Controlling 3800W 230V Water Heater Power for Stable Temperature—Microcontroller vs Analog

I have a resistance (~3800 watts) to boil water. The idea is to control the power supplied to regulate the output water temperature. The voltage supplied is 230v.

What is the best way to regulate power in order to get always the same water temperature?
To set up the regulation point should I use a microcontroller or analogue electronics? I don't have much experience in power electronics.
Any help will be much appreciated. Thanks.

NOTE: 230V CAN KILL YOU. MAKE SURE YOU GET SOMEONE TO VERIFY YOUR CIRCUIT IS SAFE. IF YOU CAN, USE AN ISOLATION TRANSFORMER.
The first thing you have to decide is how you are going to measure the temperature. You have many options- thermistors, diodes, RTDs, thermocouples, semiconductor sensors. Depending on your choice you could easily get away without a microcontroller. You may find an IC intended for the application. Heck you could get away with a thermostat.Here is a circuit that uses just a 555.Another choice you have to make is how you want to control the temperature. There is a bang-bang approach  or you could try some form of proportional control(extending all the way to PID.

The only thing I can add to Aubrey's usual excellent advice is that unless you use something simple like a thermostat (which is what most domestic water heaters still use, but are fairly imprecise and have a fairly large "dead-band") you should use something that uses Zero Voltage Switching.  This switches the power at the zero point on the AC waveform so you don't get high-current transitions which cause RF interference.  Otherwise you will need to put in extra suppression components (usually series inductors and parallel capacitance) to minimise the interference.And I would reiterate Aubrey's first paragraph of safety advice.  It sounds like you have not done much of this sort of thing before.  Take great care and get someone qualified to help you if you can.

Theoretically, boiling water will stay at 100degC (or whatever its nominal boiling point is) until has boiled away, so do you need a controller at all?

Thank you all for your advice.
I still have to research what you have suggested, but do you mean I can manage such power with the 555 circuit proposed? I have read about using a triac optocoupler zero-cross, what do you think?What do you suggest in terms of safety?

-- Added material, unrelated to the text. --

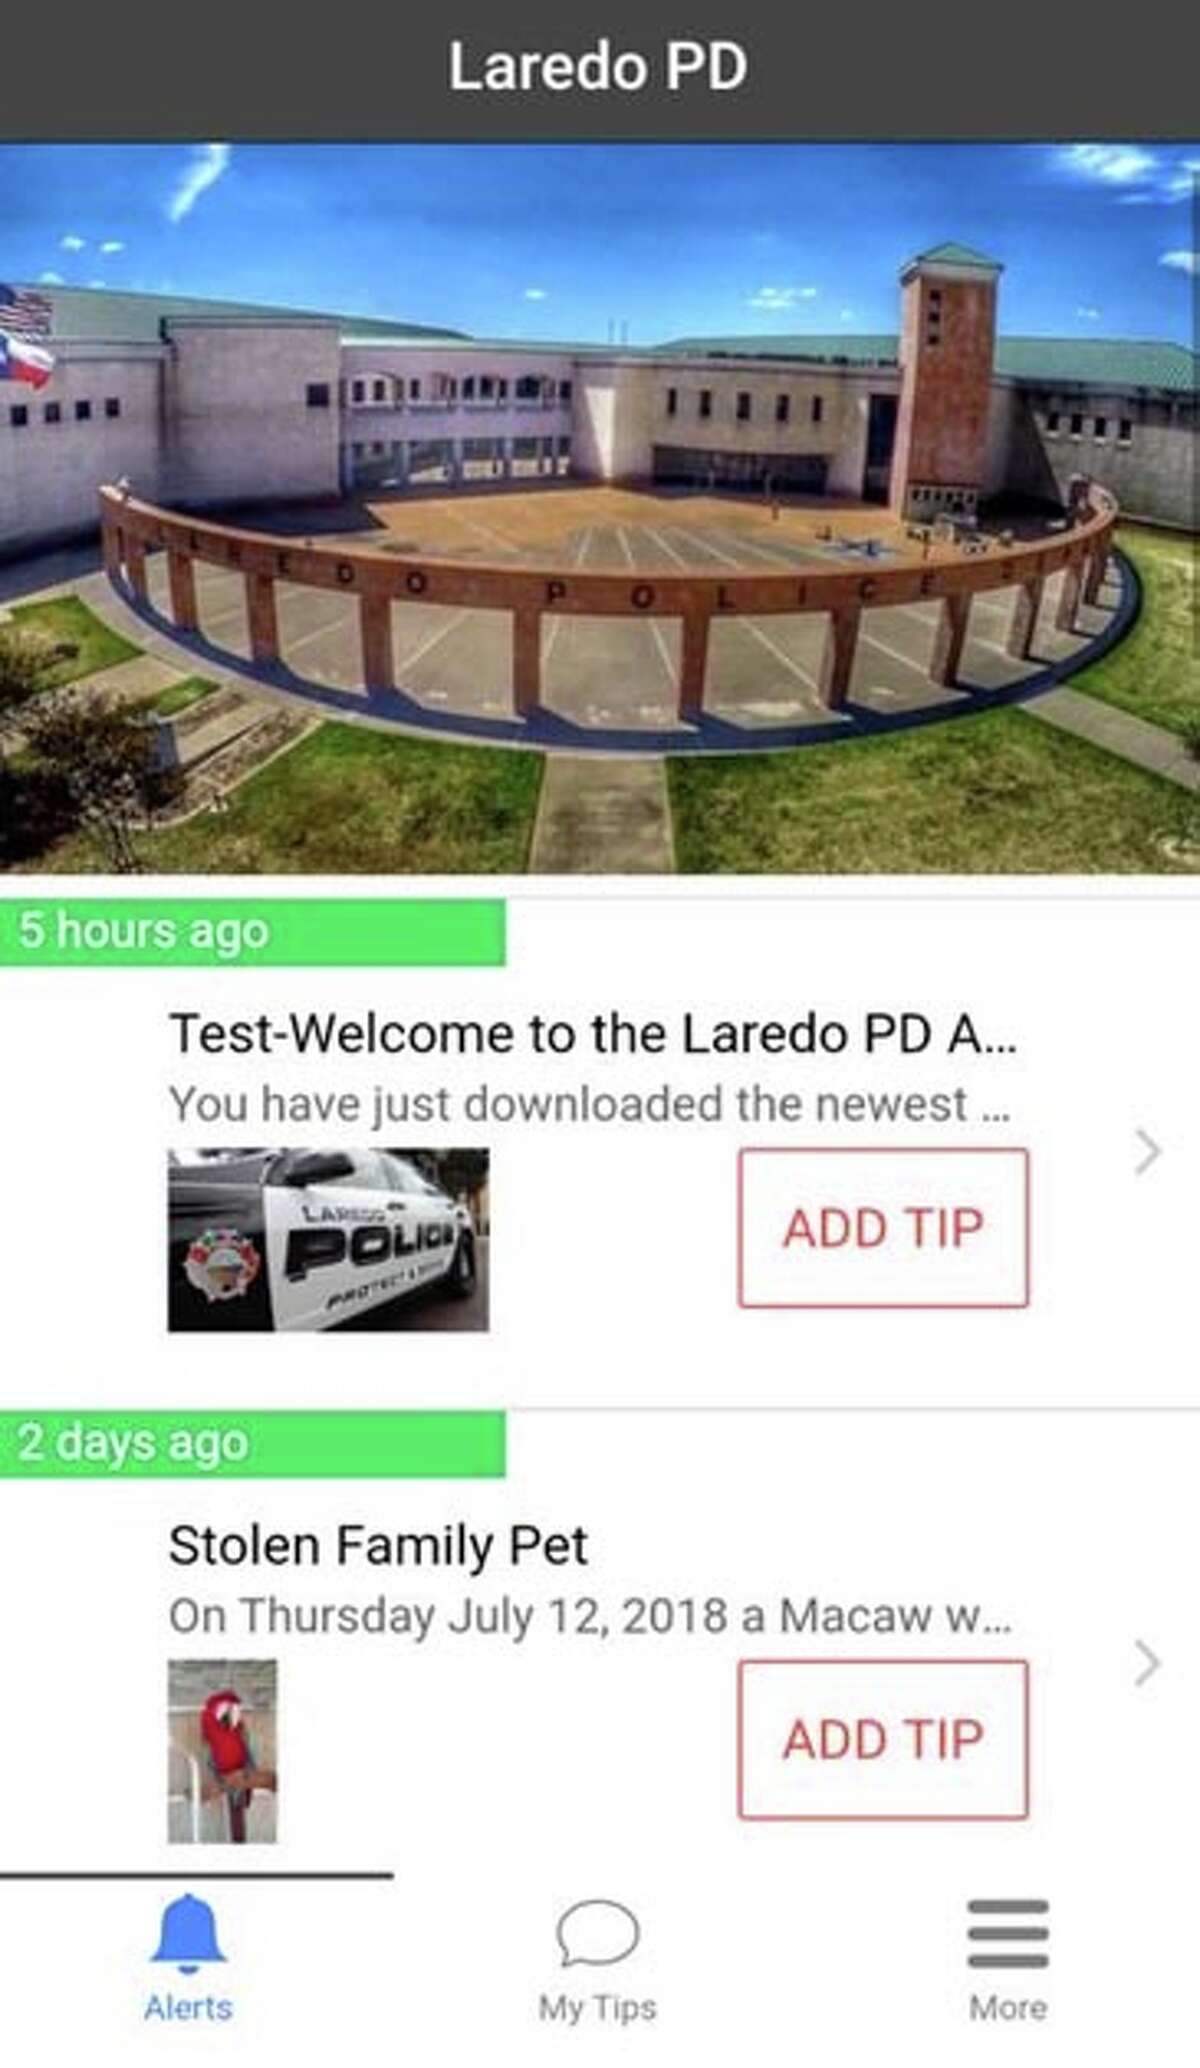 Laredo police launched their new app Thursday. With it, people will receive alert notifications of incidents occurring within the city. People can also submit information cases police need information on.

It is the most important...
Apologise for the delay

Jose...- Triac optocoupler zero cross - give us a link to what you read and we can comment- As Aubrey pointed out if you want to boil water, you don't need a control, if you want water at a certain controlled temperature then you will need a controller of some sort- 3800 W at 230V  = 16.5 Amps.  You will need something that can switch this sort of current, be it a relay or a triac- Optocouplers are great for keeping the control part of your circuit isolated from the actual power side.-  555 circuit  - it looks good, but note that all parts of the circuit will be at mains voltage, so your thermistor temperature sensor will have to be isolated from the water, which may not be easy.  Also note that it specifies a 2A load max. - to run your 16A load will require a much beefier triac which may need more gate current than a 555 can supply.  You could maybe get your 555 to drive a relay to switch the heater element, which would give you isolation as well.- Safety - make sure all metal parts are grounded, insulate live parts as much as possible, make sure no live parts can be touched through holes, make sure no water can reach live parts.  I reiterate -if you're not experienced at working with mains voltages, get someone qualified to help you.  In some countries (Australia where I am being one of them) it is a legal requirement.

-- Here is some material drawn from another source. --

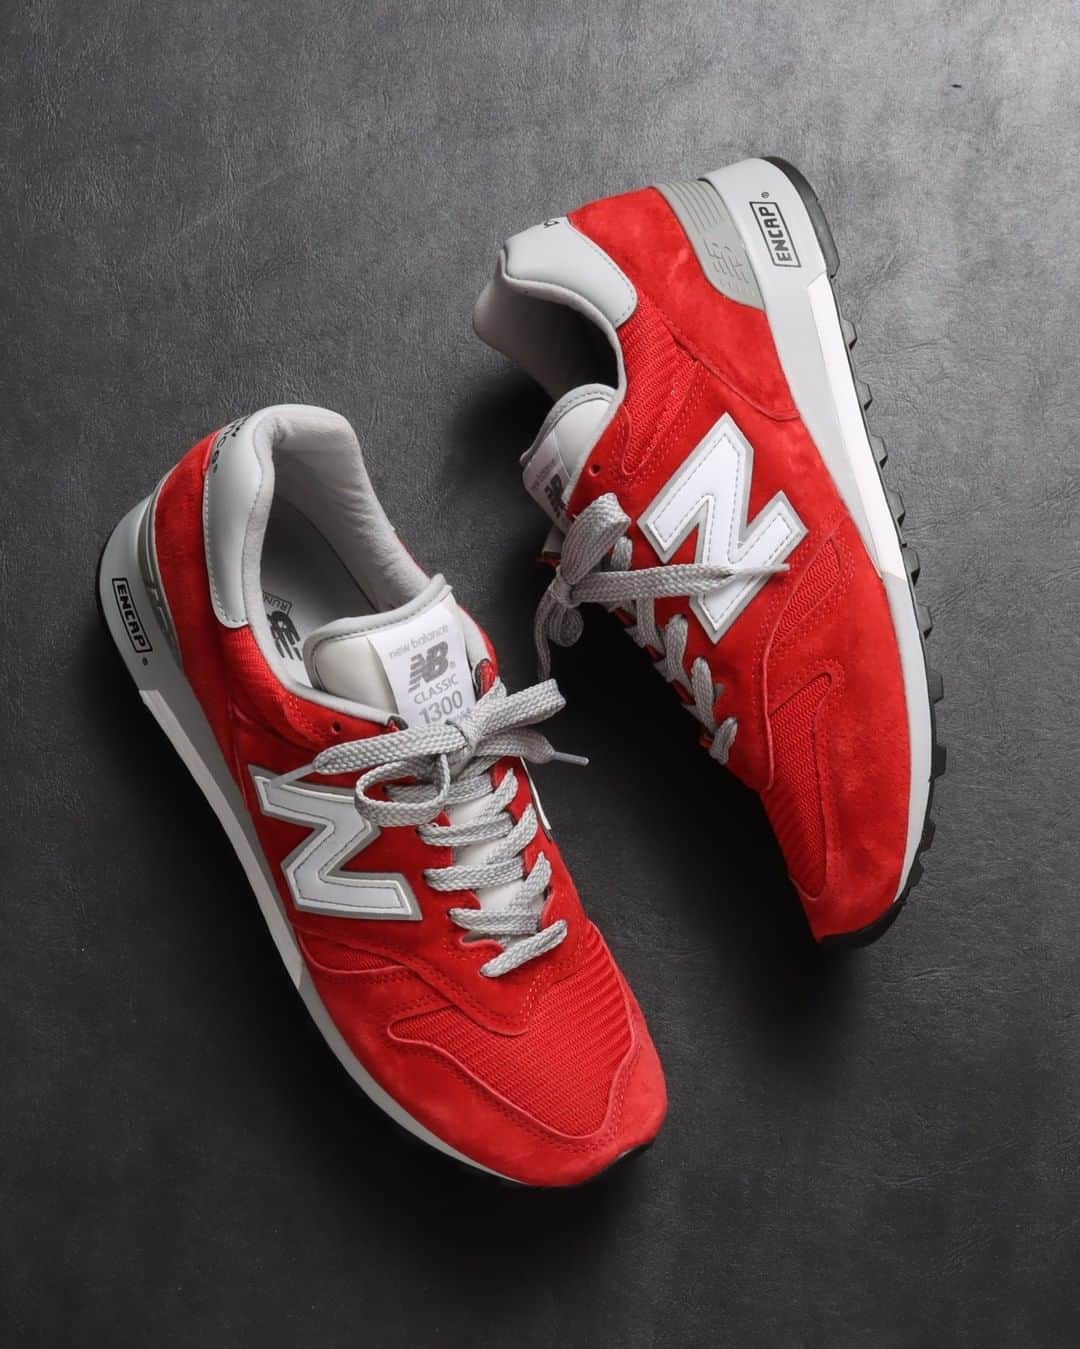 アトモスさんのインスタグラム写真 - (アトモスInstagram)「. NOW ON SALE New Balance M1300CLR ニューバランス初の「1000」番代として1985年に登場して以来、その卓越した履き心地と完成されたデザインで時代を超えてタイムレスな人気を博している伝説のモデル「1300」。M1300CLはオリジナルである「M1300」から派生したクラシックモデル。ソール全体にENCAPソールを用いているM1300に対して、CLでは前方にC-CAPを取り入れ屈曲性を高めている。レッドのベースカラーにホワイトNロゴを配し、ピッグスキンスエード/メッシュアッパーで展開。 New Balanceならではの高級感はそのままに、遊び心を兼ね備えスタイリングのアクセントとして使用できる。 . Since its introduction in 1985 as New Balance's first "1000" generation, the legendary model "1300" has gained timeless popularity due to its outstanding comfort and perfected design. The M1300CL is a classic model derived from the original "M1300". In contrast to the M1300, which uses an ENCAP sole for the entire sole, the CL incorporates a C-CAP in the front to increase flexibility. The white N logo is placed on the red base color, and it is developed with pigskin suede / mesh upper. It can be used as a styling accent with a playfulness while maintaining the luxury of New Balance. . #atmos #newbalance #m1300clr #m1300 #nb #アトモス #ニューバランス」2月21日 18時00分 - atmos_japan

Zero crossing means that the triac will start to conduct as the ac voltage crosses zero. This is an attempt to reduce radiated noise since no current is flowing at those times. However zero crossing means that you are working with a bang-bang approach. You cannot adjust the current using phase control.
For either approach there are a series of triac drivers that I have always found to be very effective. For non-zero crossing look at the MOC301x/302x range. For zero-crossing look at the MOC306x range. There are many options in the MOC30xx range. Note that all of them are triac drivers. There will always be an external  triac. They also have the advantage of providing isolation.And please heed David’s warnings. As I said in my first post- 220VAC can kill.

 Great, now I understand it better. Thank you so much,
About safety, I will check the design with an expert before testing.

220VAC (or any other mains) can also damage your instruments like an oscilloscope. They must be rated to work with the high voltage. Also keep in mind that the negative of your ‘scope is connected to  earth/ground through the power connection.

One more thing. If you go with a triac, keep in mind that there is a volt drop, say 1V(check the data sheet).  At 16 A the triac will be dissipating 16W- it’s going to get HOT even at 1/4  that (even in the unlikely event that there is only a 0.25V drop). You should plan for a heat sink.